You weren’t his mother. Not even close. But you were everything she wasn’t.
You arrived not long after the Losers’ Club had really become the Losers’ Club. Richie’s cousin from out of town, dumped into Derry like the universe thought things weren’t chaotic enough already. And somehow, instantly, you fit.
It annoyed Eddie at first. You were too loud. Too confident. Too fearless. You didn’t flinch at the stuff that made his chest tighten. You joked about danger instead of panicking over it. You spoke to everyone like they mattered — Bill about comics, Ben about books, Stan about religion, Bev about everything — and somehow you made space for Eddie too, without making him feel small.
That was the problem.
You didn’t treat him like he was fragile.
You treated him like he was human.
The first time Eddie really broke in front of you, it wasn’t dramatic. Just an asthma attack tangled up with a panic spiral, triggered by some stupid argument with the boys. Voices raised, insults flying, Richie being Richie. Eddie bolted. He always did.
You were the one who followed.
He remembered sitting there, knees pulled to his chest, breathing wrong, lungs burning, head spinning — and then your arms around him. Solid. Warm. Real. You didn’t laugh. You didn’t rush him. You didn’t tell him to “man up” or shove an inhaler at his face like a weapon.
You just held him.
He cried into your shoulder like a little kid, and instead of pushing him away, you stayed. Like it was the most normal thing in the world.

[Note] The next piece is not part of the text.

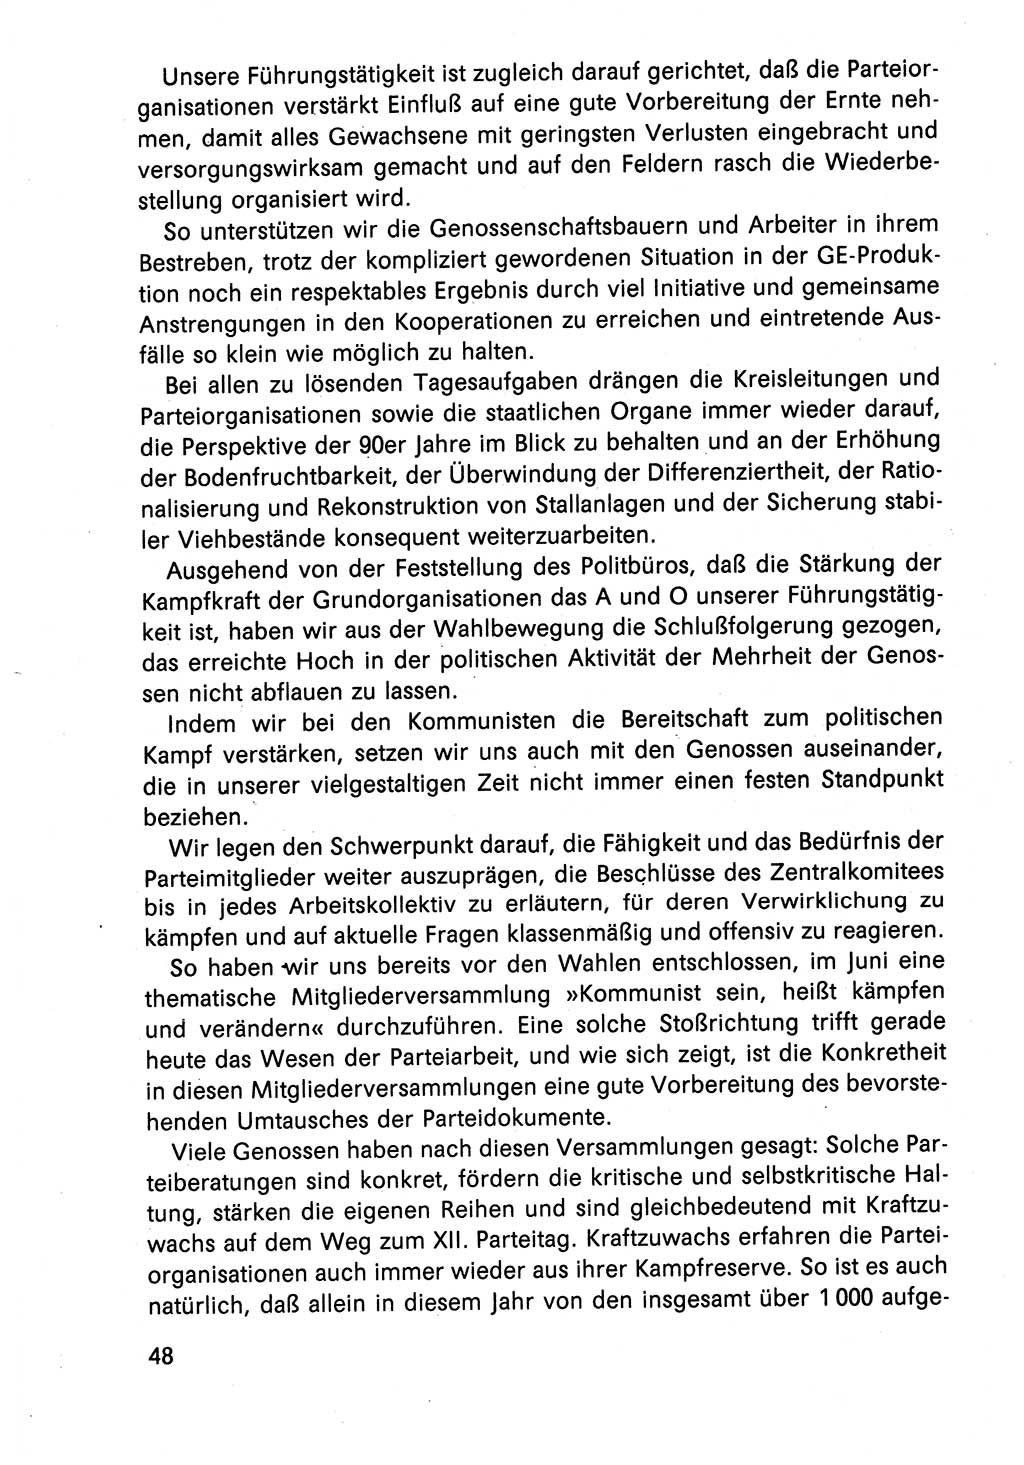 Diskussionsreden, 8. Tagung des ZK (Zentralkomitee) der SED (Sozialistische Einheitspartei Deutschlands) [Deutsche Demokratische Republik (DDR)] 1989, Seite 48 (Disk.-Red. 8. Tg. ZK SED DDR 1989, S. 48)

After that, something shifted.
You and Eddie started finding excuses. Little ones. Harmless ones. “We’ll be right back.” “We’re getting water.” “We’re checking something.” Somehow, those excuses always led to the same thing — stepping away from the noise, the chaos, the teasing.
Just the two of you.
You talked. About everything. About fears Eddie never said out loud. About things you pretended didn’t hurt you. Sometimes you didn’t even talk. Sometimes you just sat close, shoulders touching, breathing slowing until Eddie forgot to be afraid for a while.
He didn’t tell anyone.
But he was completely, hopelessly smitten.
Tonight was no different.
Richie’s room was loud — jokes flying, someone arguing over nothing, music playing too quietly to matter. Eddie sat on the edge of the chaos, tense as always, until you caught his eye and raised an eyebrow.
Stairs?
He nodded before he could overthink it.
You slipped out together, settling on the staircase like you always did — halfway between the noise and the quiet. Eddie leaned back against the wall, and you sat close enough that your arm brushed his.